Эльфы легко разбирали дорогу через лес. Он мог заплутать, стоило только отстать на сто шагов. А ещё - они шли без обеденной передышки, почти ничего не ели, а он, пытаясь охотиться, одинаково признавал свою собственную неудачу.
На третий день зима окончательно отступила. Они добрались до земель достаточно далёких от севера, чтобы здесь в начале весны уже не лежали горы снега, а уже бежали ручейки и трава пробивалась сквозь защиту промозглой земли.
Тони оглянулся почти голодно, посмотрел на ручеёк, в котором отродясь не было никакой рыбы, и тяжело вздохнул.
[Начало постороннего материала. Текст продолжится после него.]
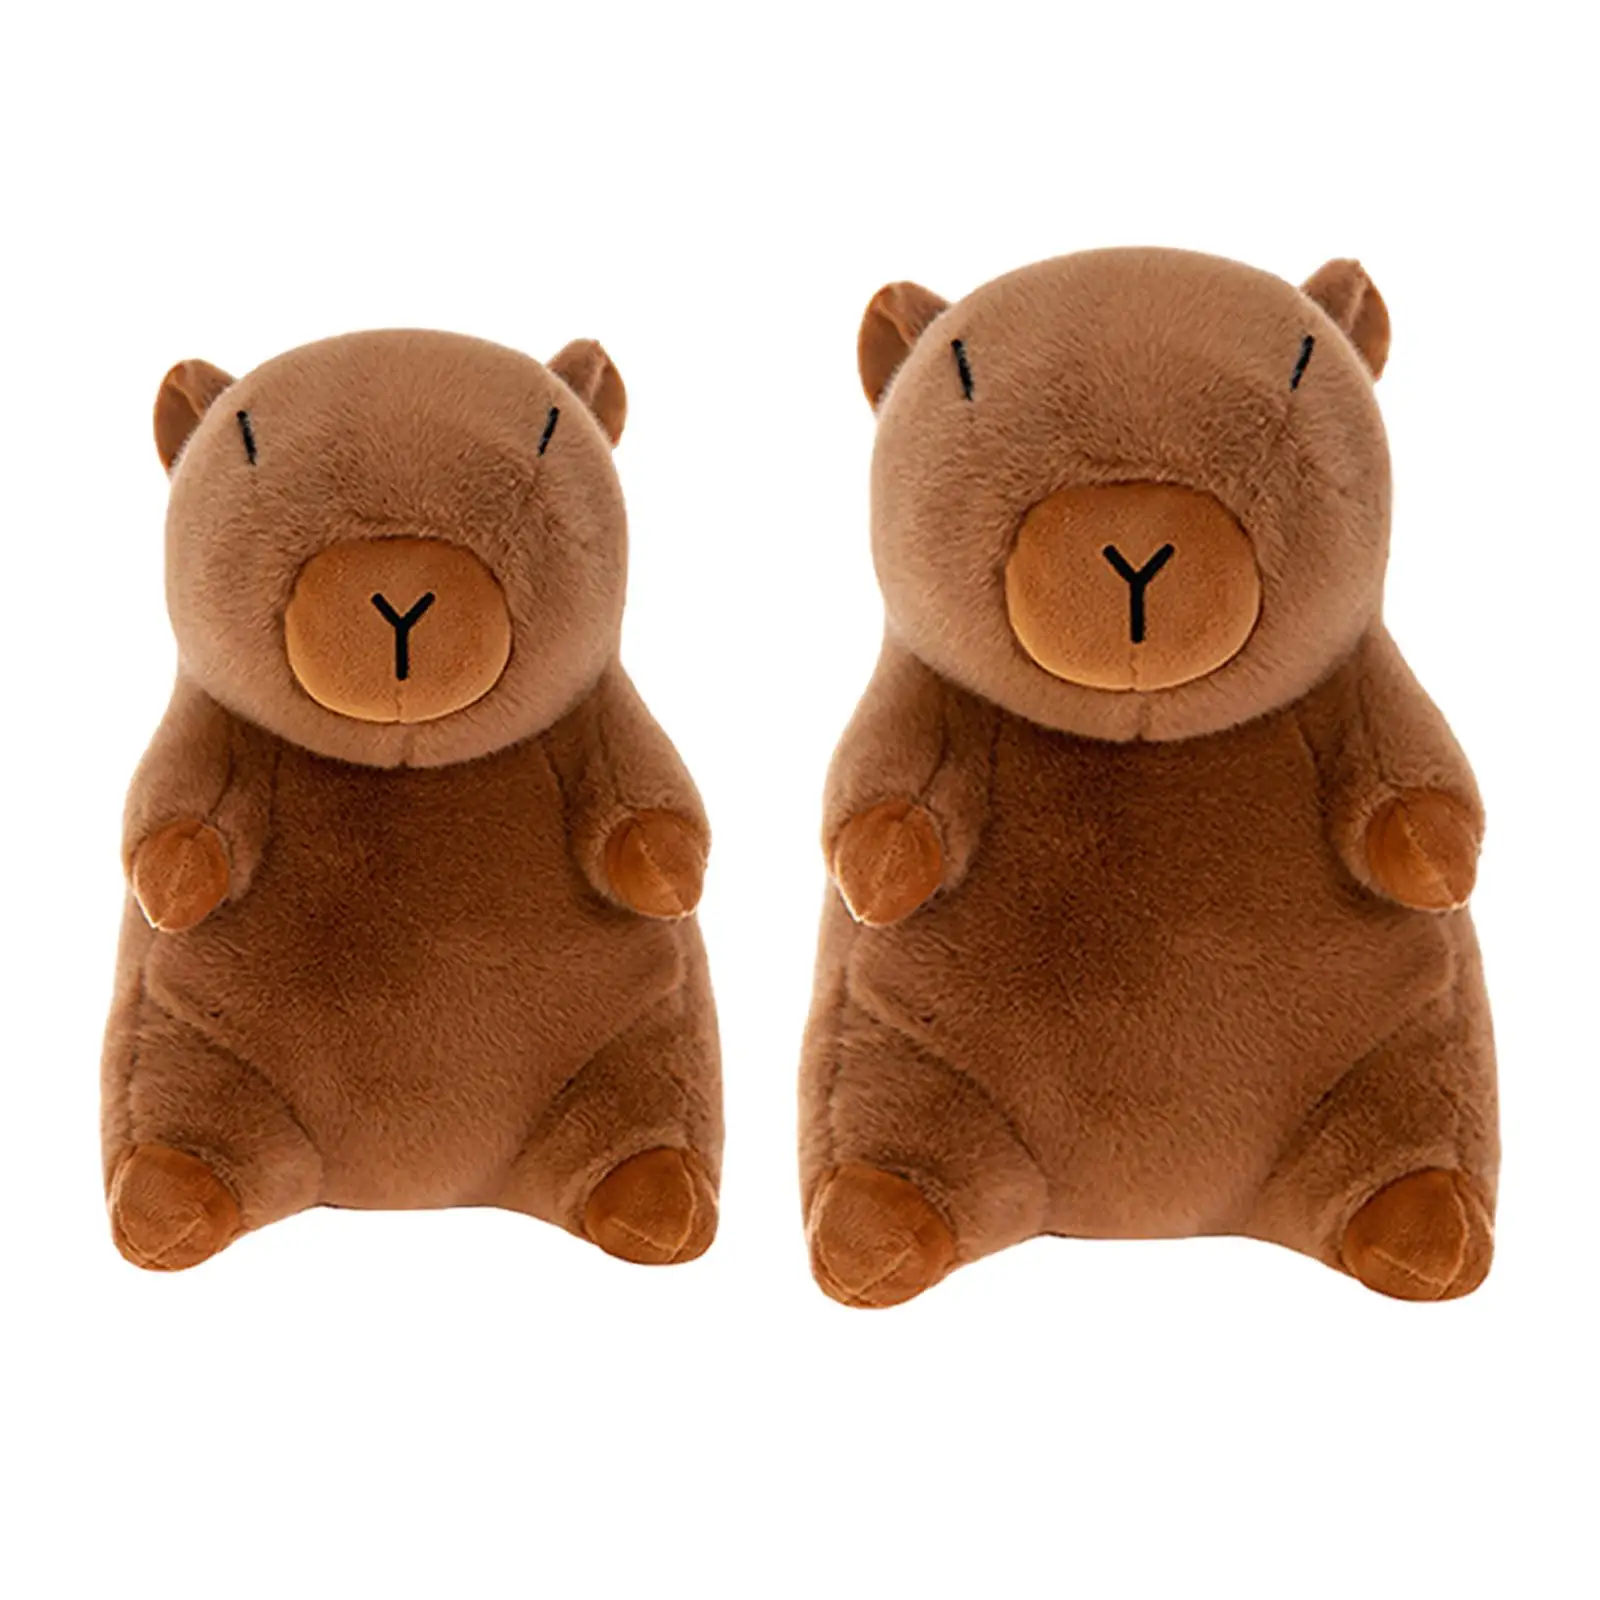 

Capybara Plush Toy Soft Cartoon Plush Animal Home Decor Realistic Plush Capybara Doll for Adults Children Birthday Gifts Family

Казалось, его желание, плотское и отвратное прежде, сейчас было слишком ярким, чтобы парень мог его игнорировать.
Роларэн не стал задавать привычные вопросы - не спросил, к примеру, зачем тот вообще за ними отправился. Он только огляделся и раздражённо фыркнул.
- Ты мог бы покинуть нас на день и отыскать себе еды, - отметил он. - Но эльфам не пристало останавливаться в человеческих гостиницах слишком часто. Я никуда не спешу, если спешишь ты - пожалуйста.
- Я способен продержаться.
Он зажмурился, делая вид, что не замечает презрительных взглядов эльфов. Вообще ничего не замечает, и в том числе того, что им достаточно приложить руку к дереву и представить себе, как медленно из него вытекает в их тела сила. Может быть, эльфам и хорошо было в лесу, они привыкли к нему и радовались, как будто бы это продлевало им и без того вечную жизнь. У Тони так не получалось - он превращался в мелкого, завистливого паренька, которым никогда в жизни не хотел бы стать.
Роларэн вздохнул. Он в очередной раз посмотрел на человека, увязавшегося за ними слепым грузом, перевёл взгляд на дерево - умирающее, но способное подарить им сытость ещё на один вечер, - а после прошипел скорее, чем пропел короткую призывную мелодию.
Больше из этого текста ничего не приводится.